I would love to be able to “touch” my images as I’m working on them - retouching, dialing in curves, and making slider adjustments using my hands may feel like a more tactile, immersive experience to work on an image. I don't think this capability is there yet but how long?

For video editing I may not need a large playback monitor anymore if I can turn the reality dial and playback my edits on a simulated movie theater screen.


I’m also curious to see how I might be able to use the Vision Pro to walk into a space and visualize what prints would look like on the walls. Visualizing sizing and frame color based on the environment.

Could my print shop, PENNBRIDGE, show customers what a print will look like on their walls so they can see which size and image fits best in their space?


Overall, I’m excited for the potential of the Vision Pro.

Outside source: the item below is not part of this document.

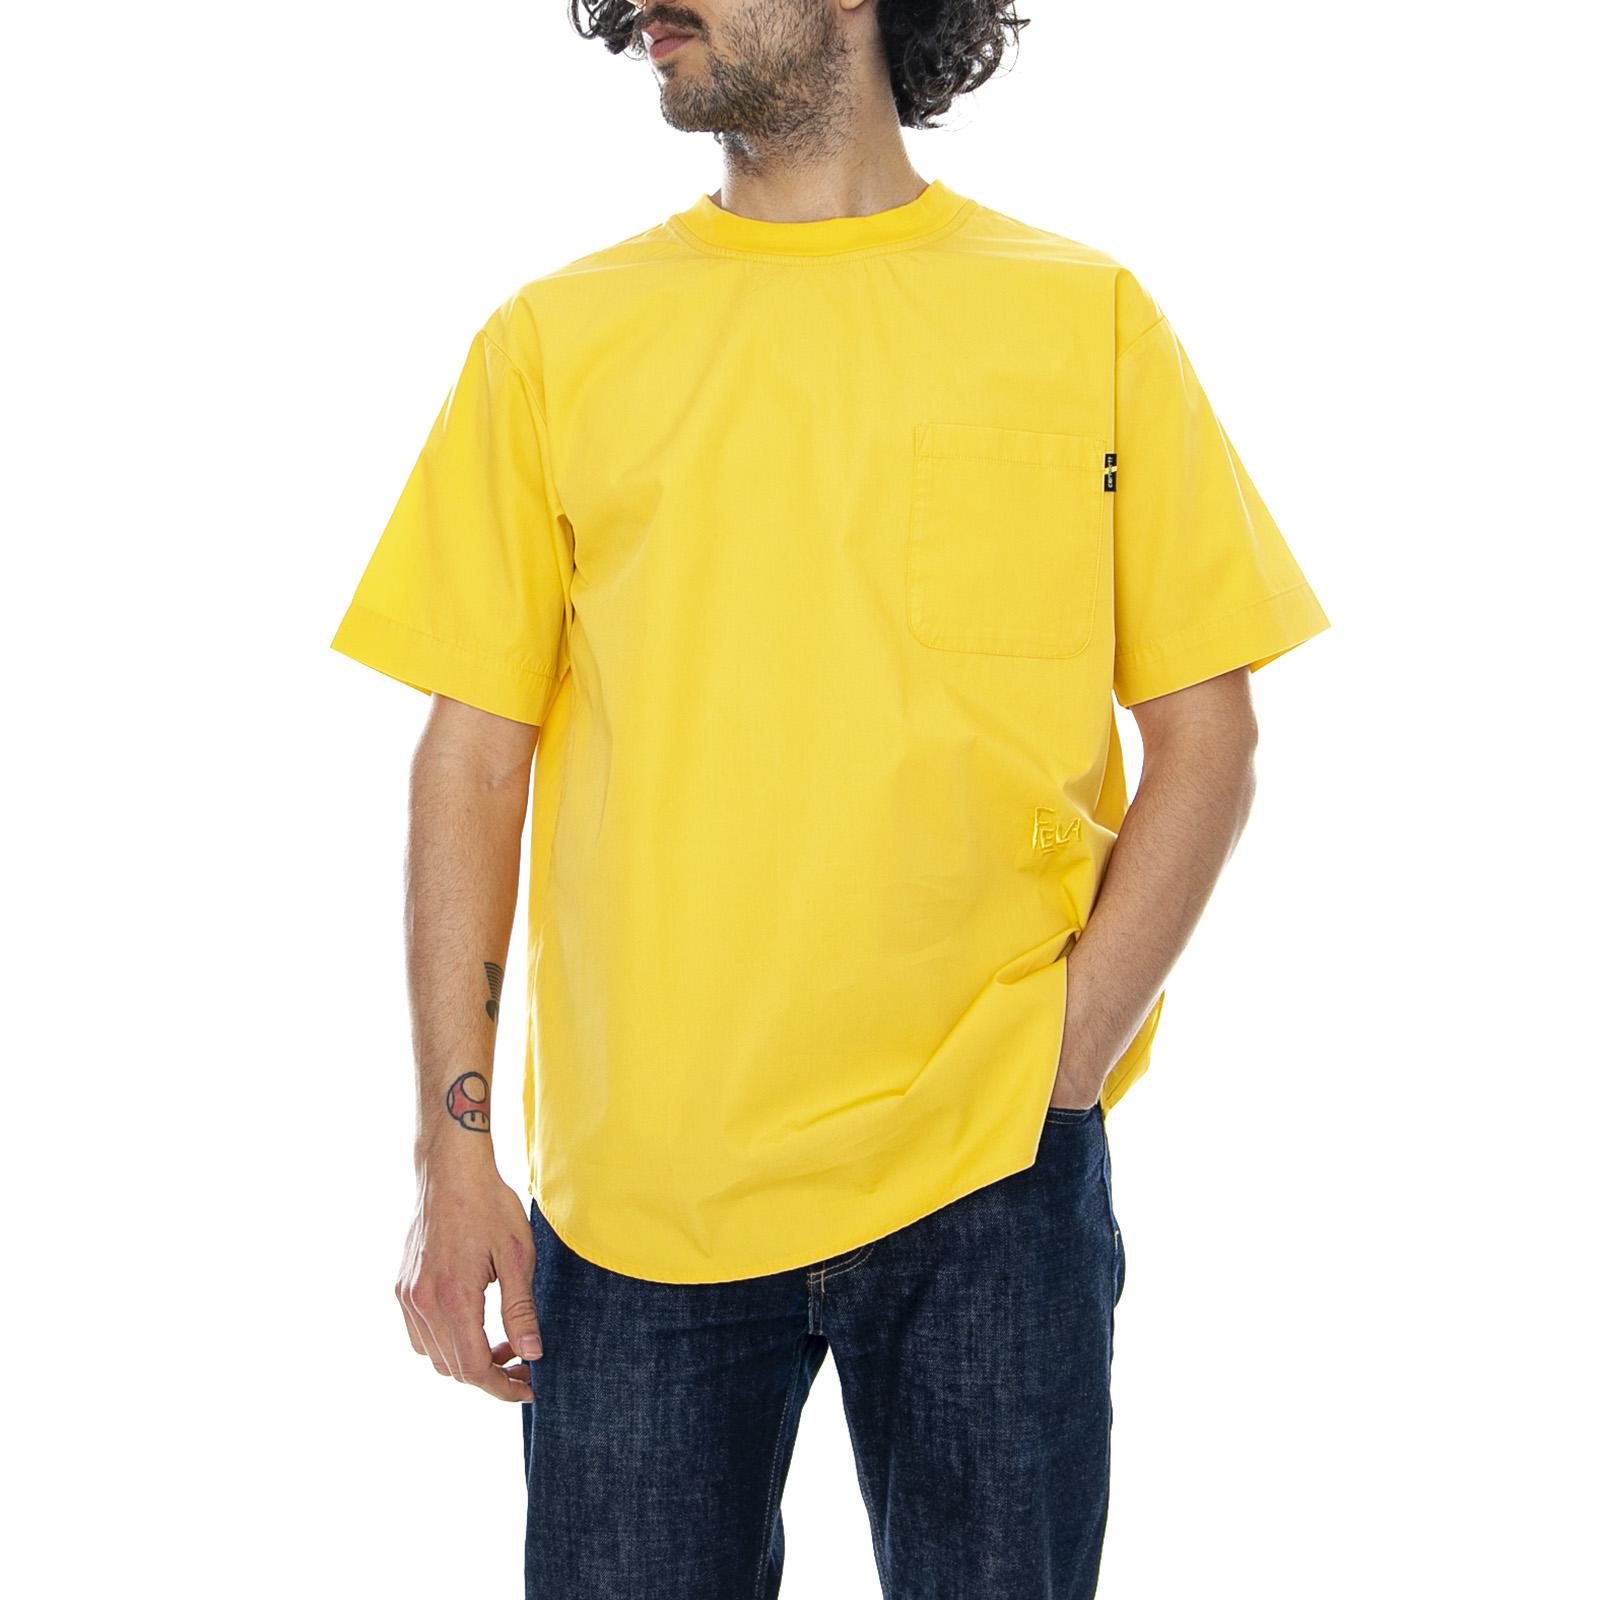 Cochehartt Fela Kuti -  Samoan Sol Amarillo - Camiseta Cuello rojoondo Hombre  tomar hasta un 70% de descuento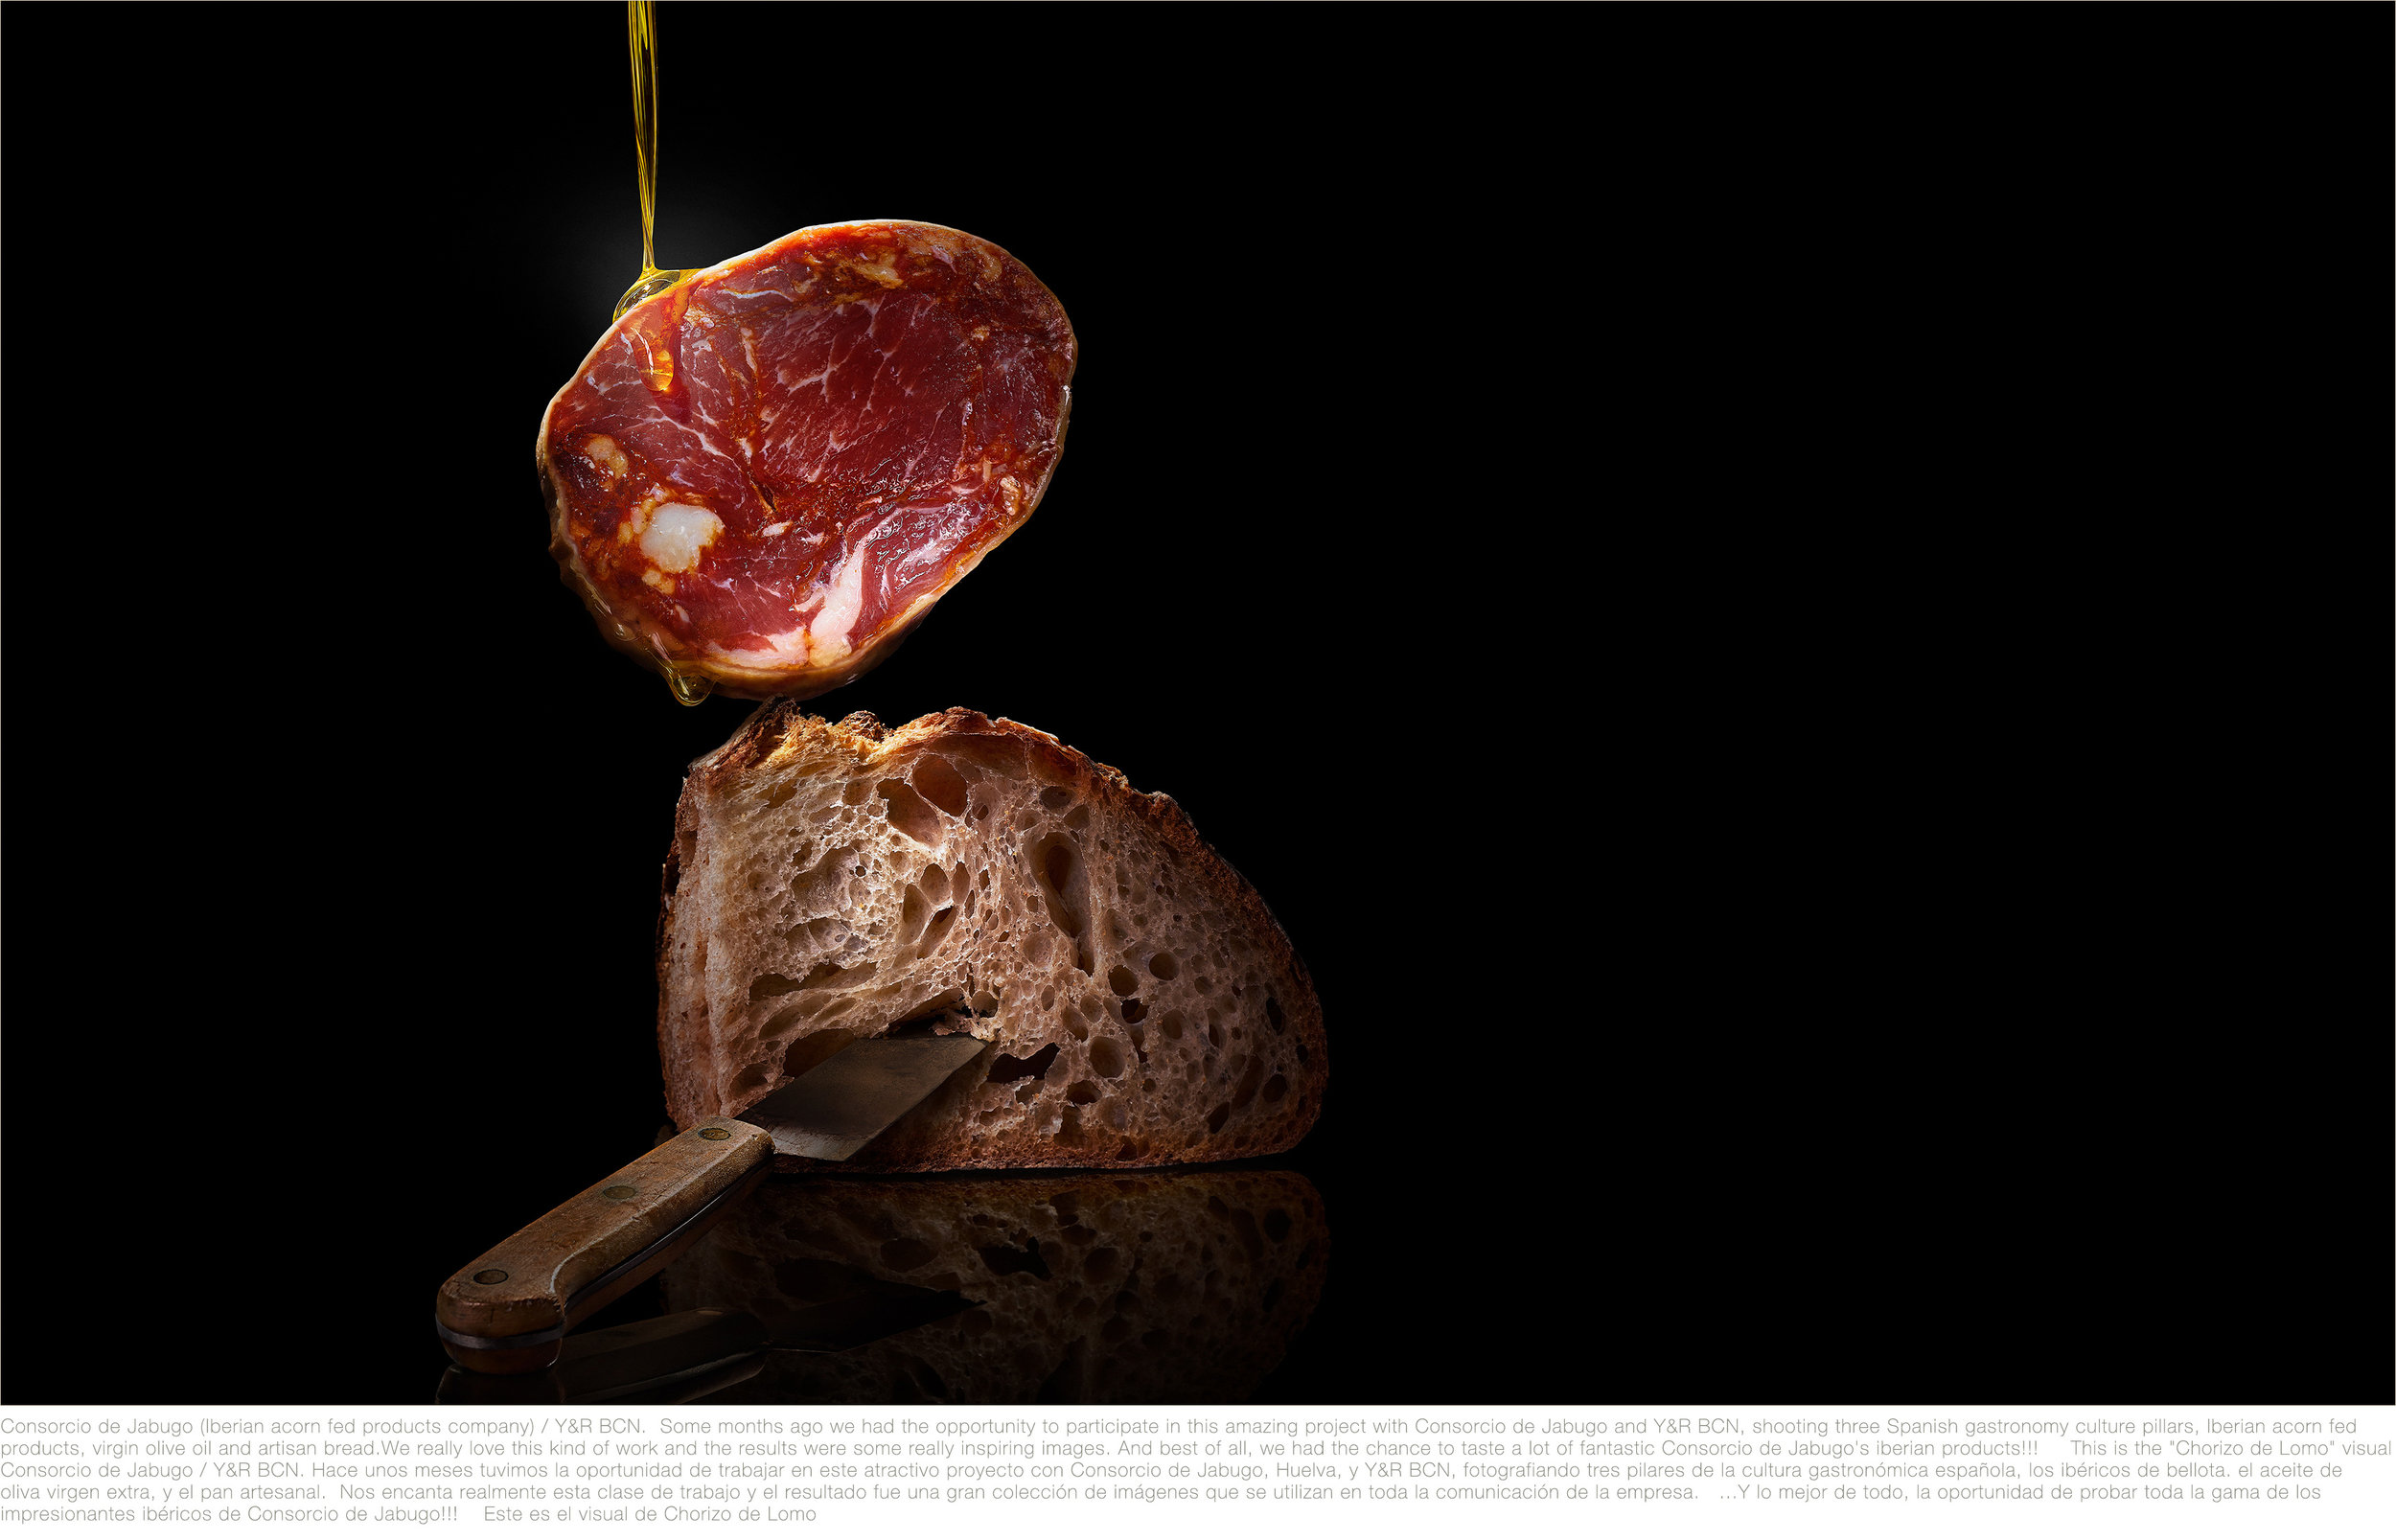 Consorcio-Jabugo-959-Chorizo-Lomo-02-v02.jpg

I don’t think entertainment and web scrolling is a killer enough reason for many people to rush out and buy this device, especially with a price take at $3499.

We’re still a long way away until we see this vision of the future more fully realized. What will developers start to build for this platform? What will be the killer apps and price point that starts to make this more attractive?

At what point does the decision start to be between an iPhone or a pair of glasses?

Over the next 5-10 years I think we see the phone start to fade out completely. We move into the post-iphone era and in it’s place would be a pair of glasses for a mixed reality display. Maybe the Apple Watch is providing computing power and a larger iPad type device is used when you need more powerful computing power. Perhaps eventually we move towards some type of cloud based computing power where the computing is done fully external from the device itself.

In any case, this is that start to a new foundation in computing. New tools, new interactivity with our data, and a new platform to create with. I’m curious to see how it develops.